§ **Information supplied**

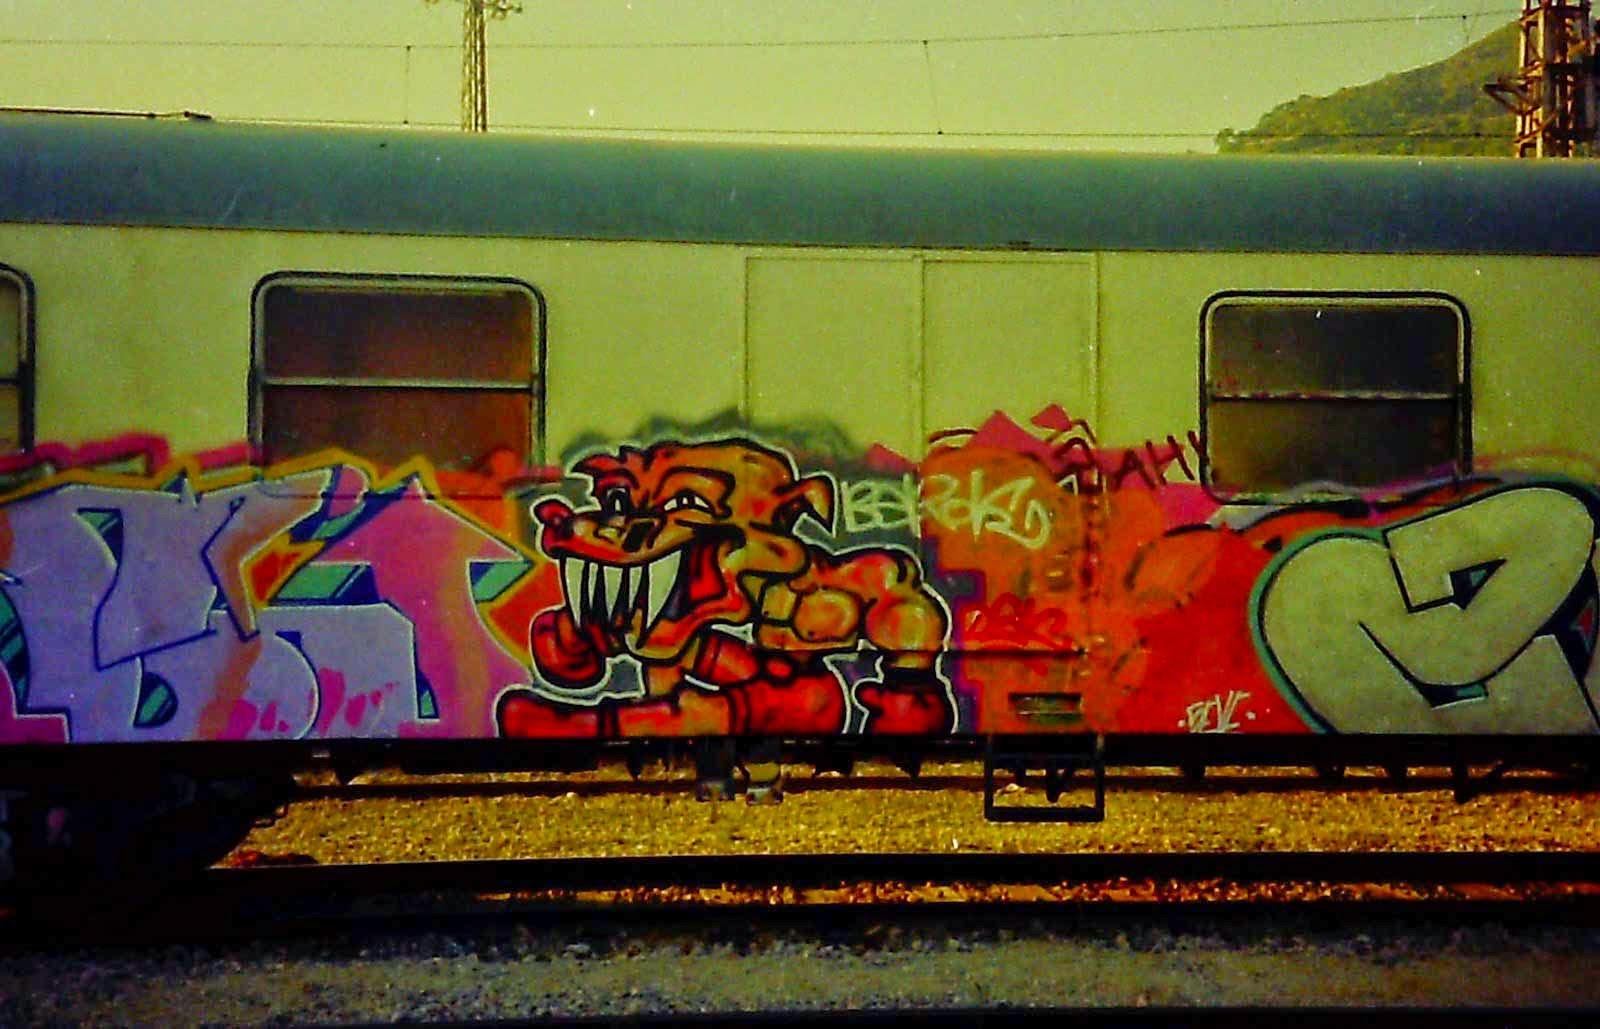 Graffiti Barcelona trenes vieja escuela
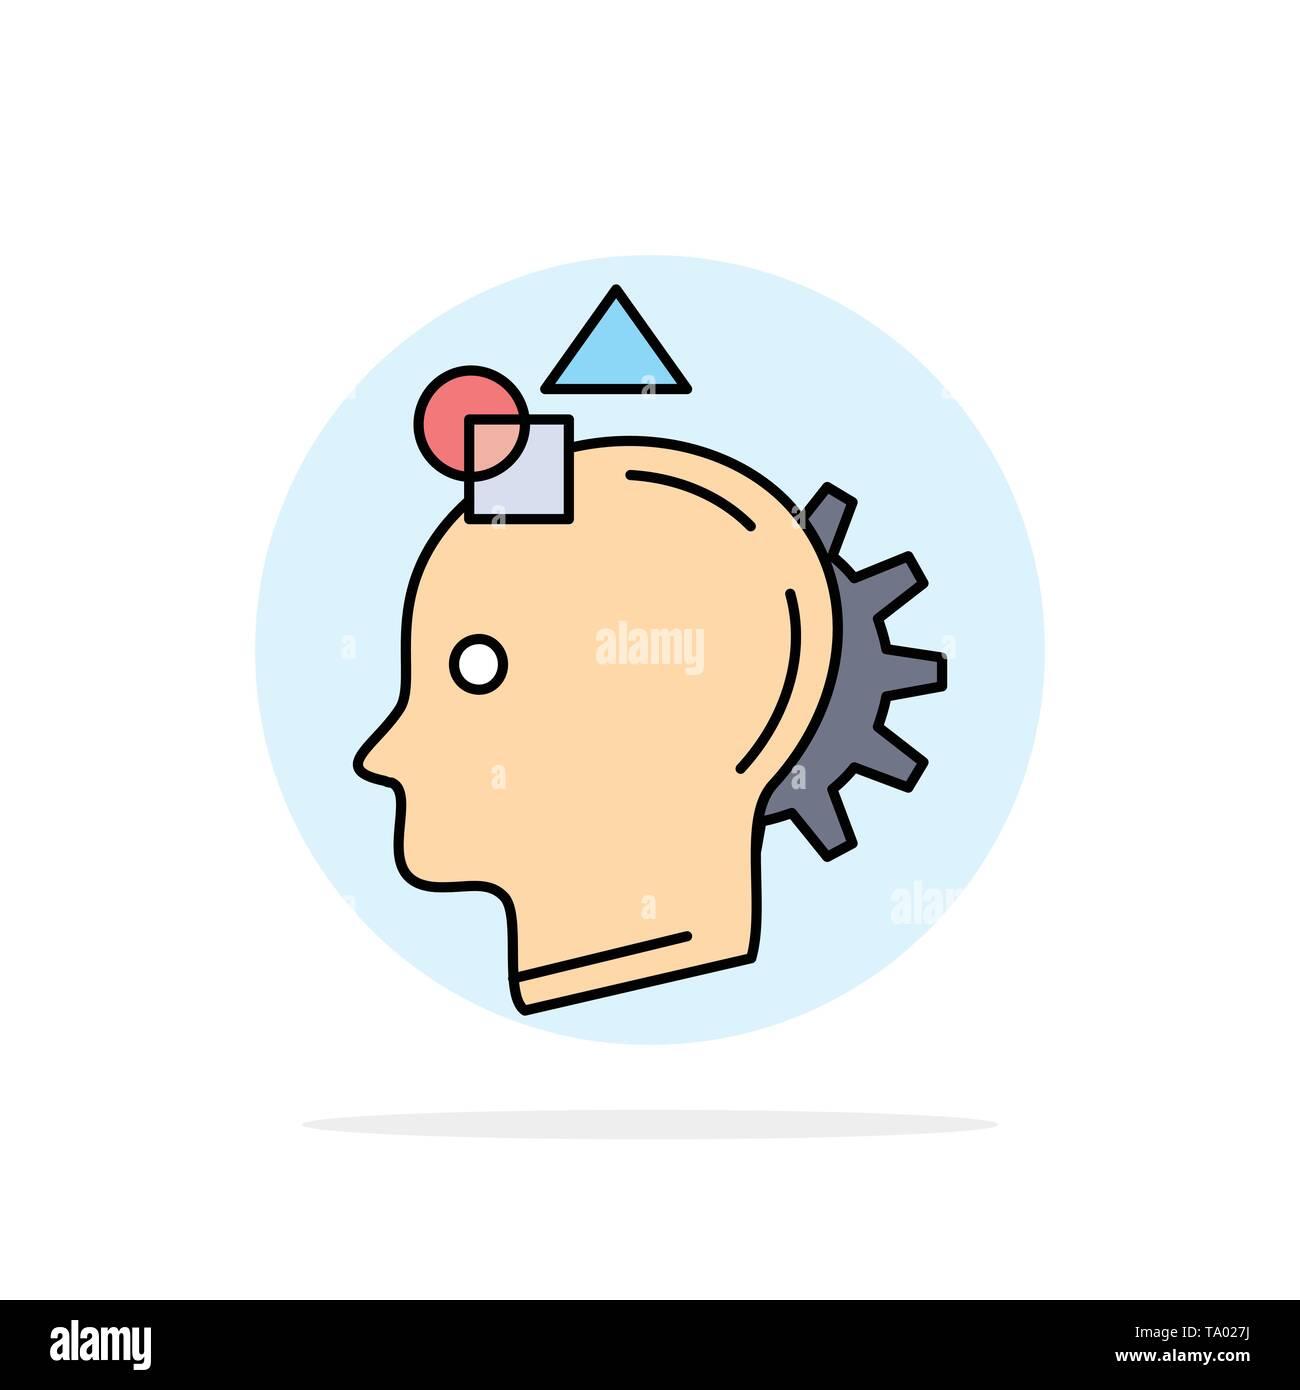 Vorstellungskraft, Phantasie, sich vorstellen, Idee, Prozess flachen Farbe Symbol Vektor Stockbild
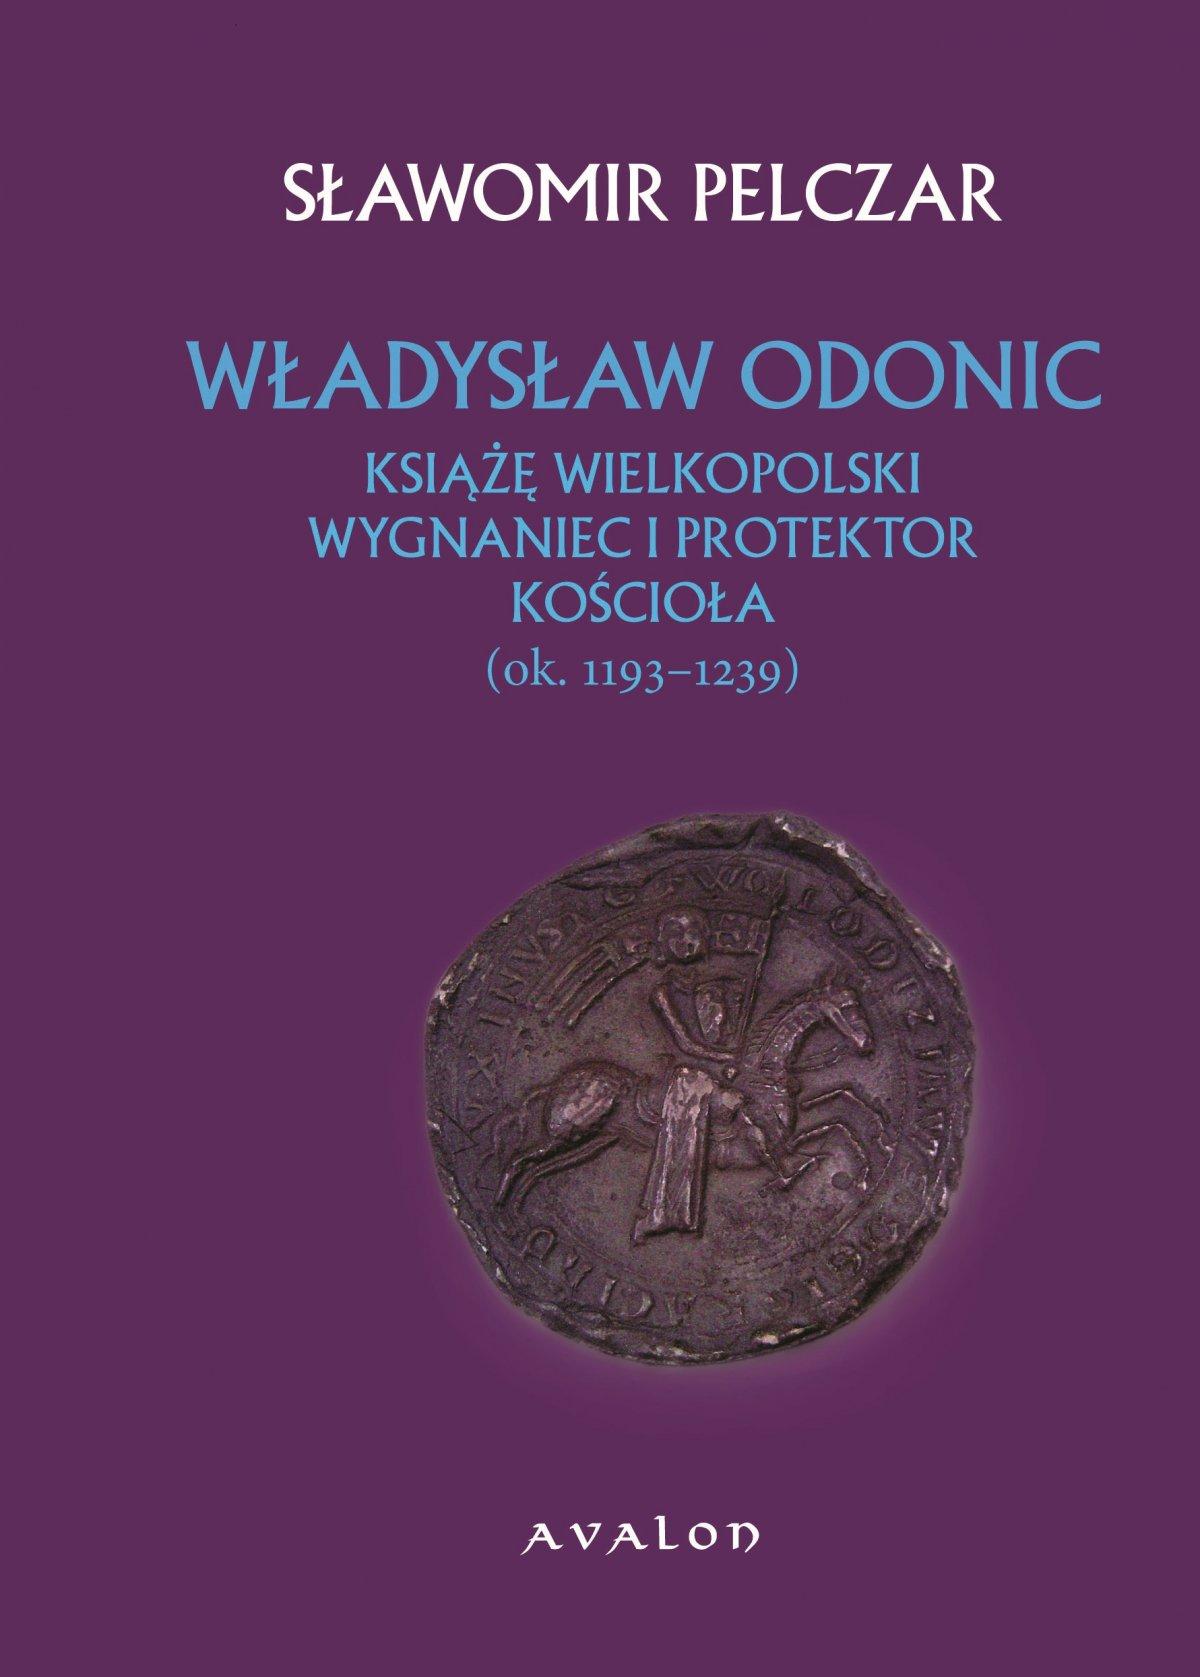 Władysław Odonic. Książę wielkopolski, wygnaniec i protektor Kościoła (ok. 1193-1239) - Ebook (Książka PDF) do pobrania w formacie PDF

§ **Task to complete**
Pictures are to be omitted; otherwise, every line from the first line of the listing through the line containing "Vorstellungskraft, Phantasie, sich" must be reproduced exactly, both ends included.

§ **Task answer**
 Graffiti Barcelona trenes vieja escuela
 Vorstellungskraft, Phantasie, sich vorstellen, Idee, Prozess flachen Farbe Symbol Vektor Stockbild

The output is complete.